Avextra AG is participating as an industry partner in the PsyPal study, a Horizon Europe EU-funded research project investigating psilocybin-assisted therapy. Scheduled to commence in 2025, this randomized controlled trial will explore psilocybin's potential in alleviating psychological distress in palliative care patients across Denmark, Portugal, the Netherlands, and Czechia. The study is sponsored by the University Medical Center Groningen in the Netherlands.

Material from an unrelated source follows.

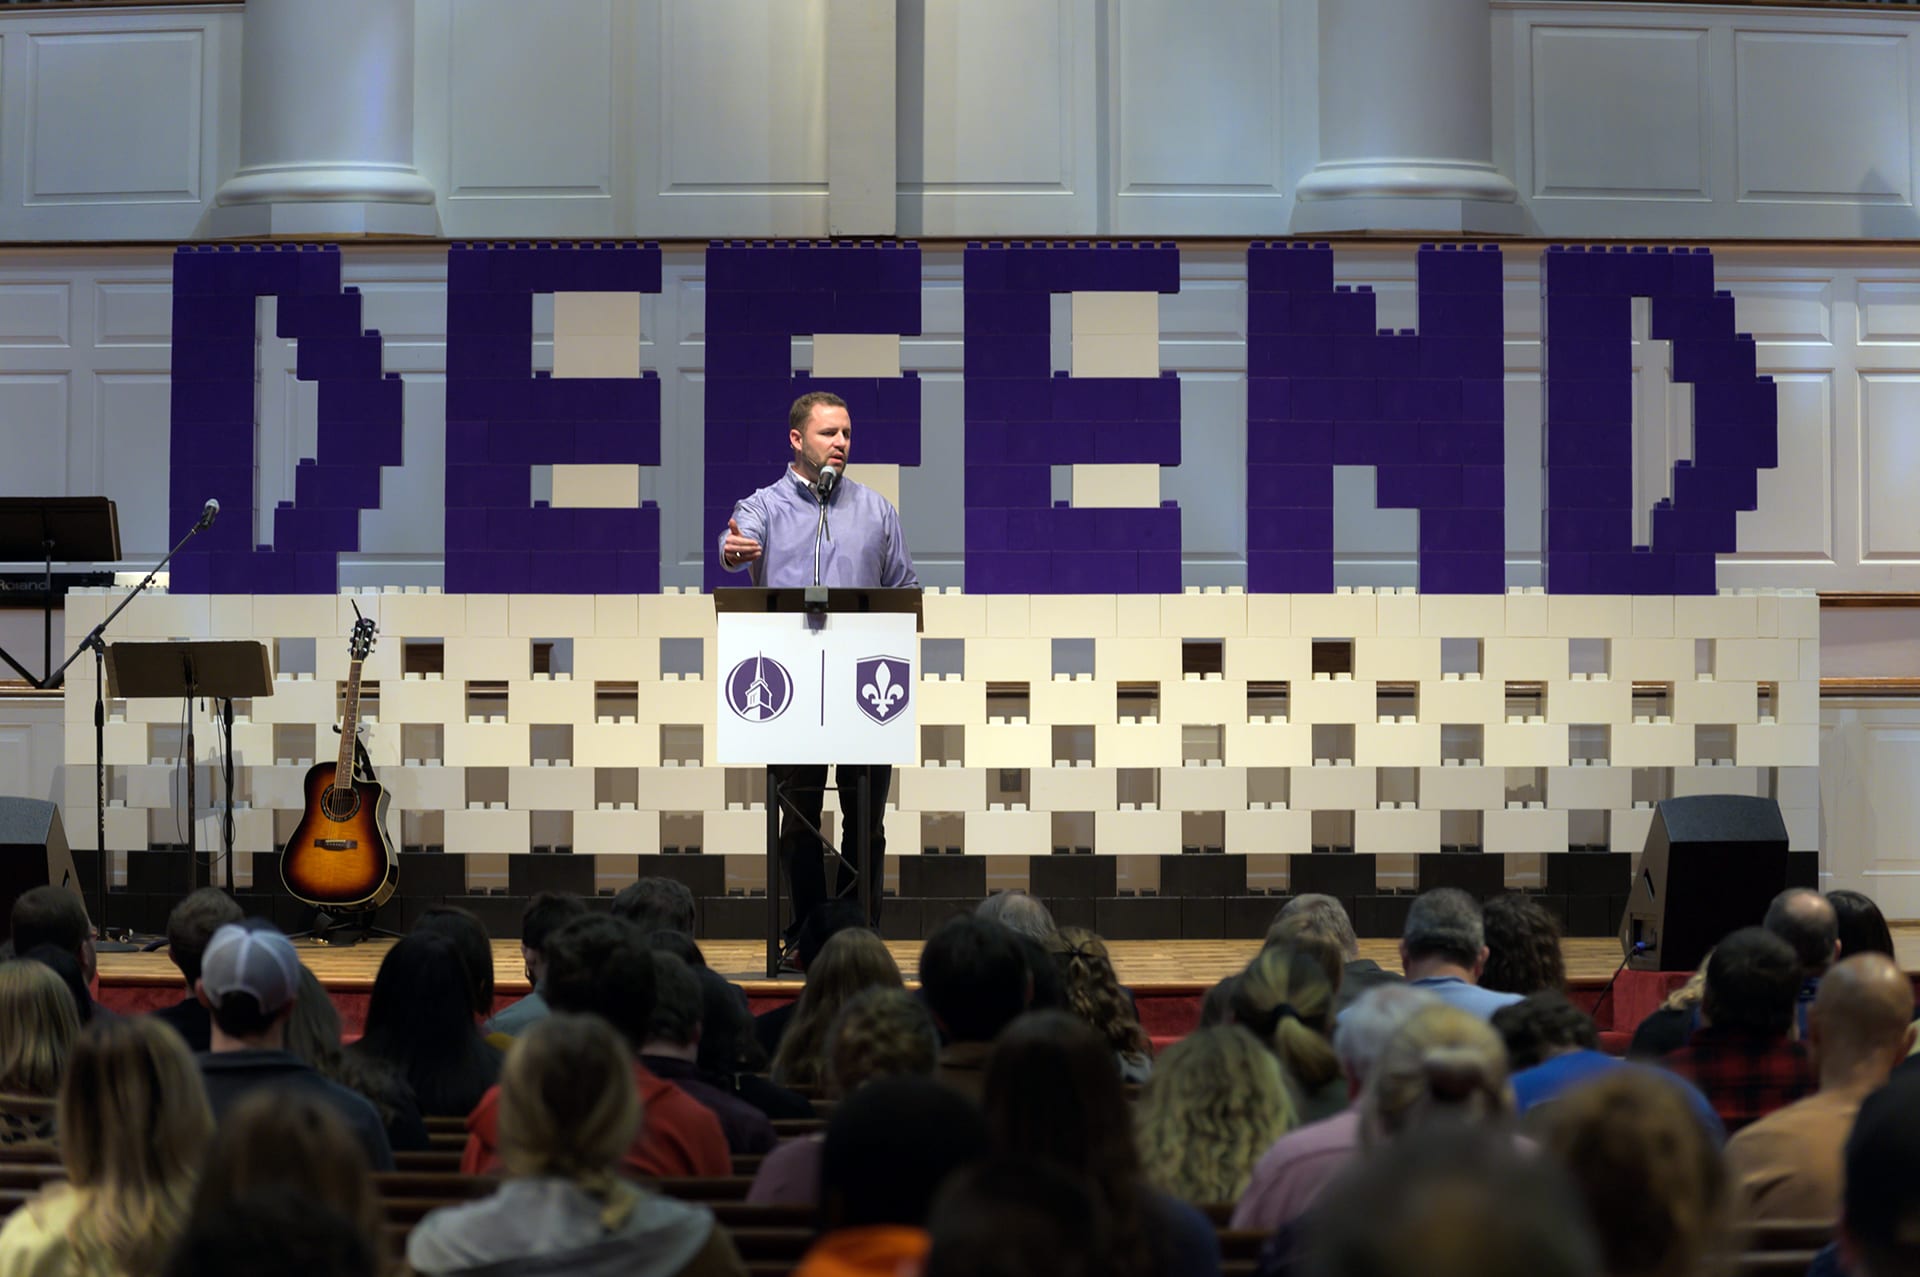 NOBTS apologetics conference addresses tough questions • Biblical Recorder
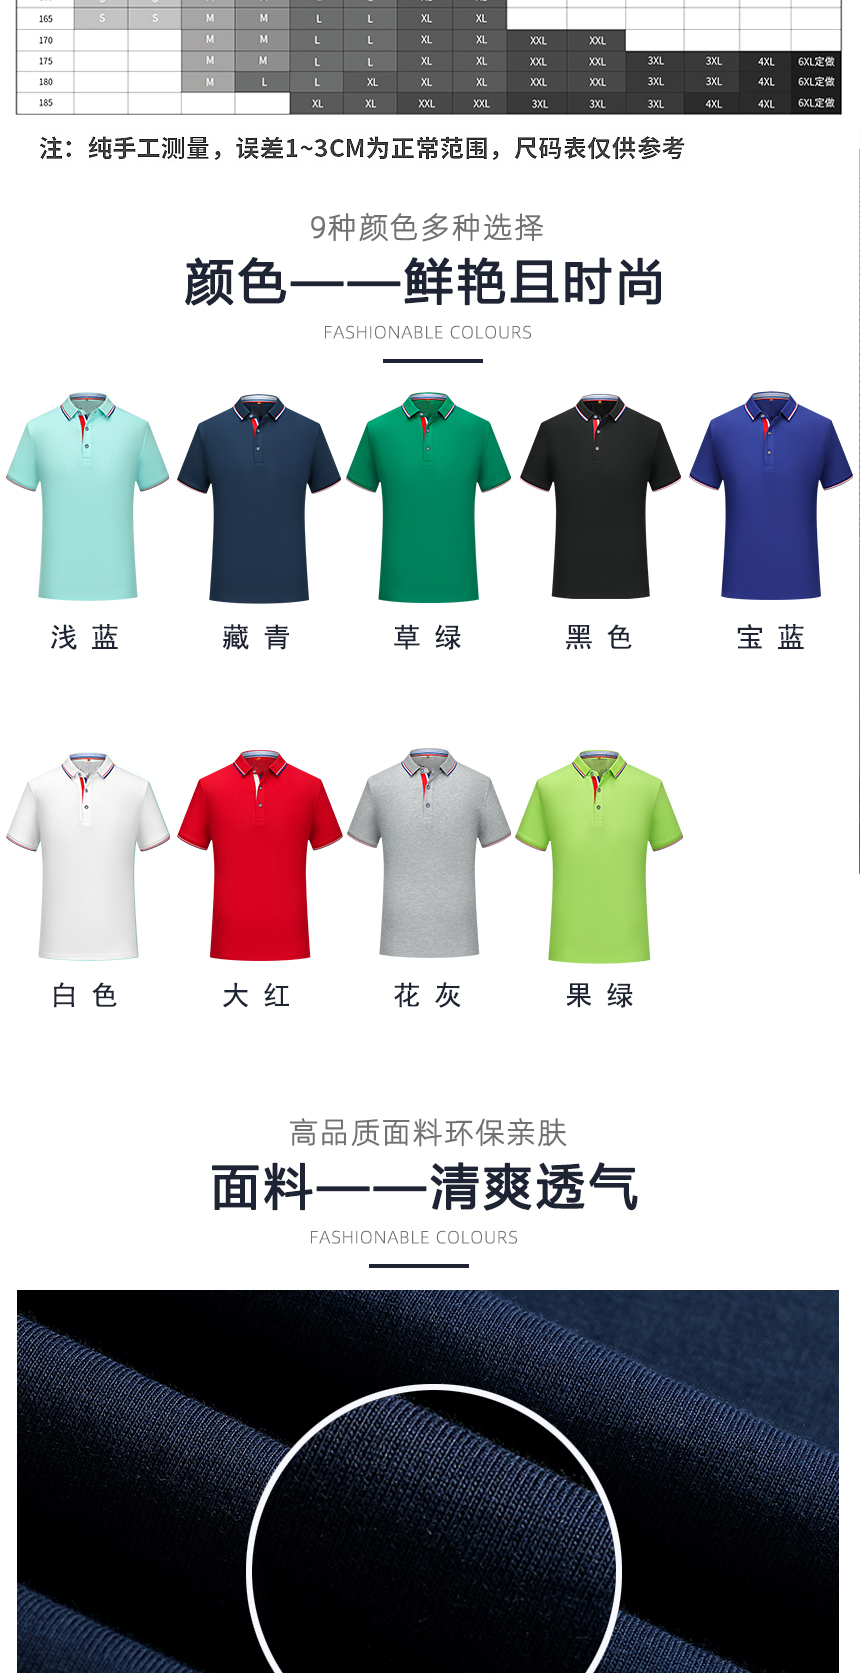 高档polo衫同款不同颜色款式展示，高档polo衫精选优质面料

The PsyPal study marks a significant milestone in the field, initiated by a pan-European consortium of clinical sites, universities, companies, and non-profits. Avextra will supply the study drug and placebo, offering regulatory support throughout the submission process. The company aims to support psilocybin therapy for palliative care, working towards Marketing Authorization (MA) to broaden patient access.
Study Focus and Design
PsyPal is designed to evaluate the safety, efficacy, and long-term impact of psilocybin therapy for non-oncology palliative care patients. The trial will focus on individuals suffering from chronic obstructive pulmonary disease (COPD), multiple sclerosis (MS), amyotrophic lateral sclerosis (ALS), and atypical Parkinson’s disease (APD). The study will also explore patient access models and assess the therapy's impact on caregivers.
The multidisciplinary consortium includes 19 organizations from nine countries and is coordinated by the University Medical Centre Groningen, in partnership with HumanKindLabs. Ulf Bremberg, CEO of HumanKindLabs, stated, "This study is a testament to what’s possible when academia, industry, and patient advocates unite for a common cause. Together, we’re creating a holistic approach that addresses depression and distress in palliative care in a comprehensive way."
Avextra's Perspective
Bernhard Babel, CEO of Avextra, commented, "For Avextra, PsyPal is not a one-off but an additional milestone of our clinical journey. We are paving the way for a future where psychoactive plant-based substances seamlessly integrate into evidence-based mainstream health care."
Correction
An earlier press release mentioned EU and EMA approval. The study is authorized with conditions according to the Clinical Trials Regulation (CTR).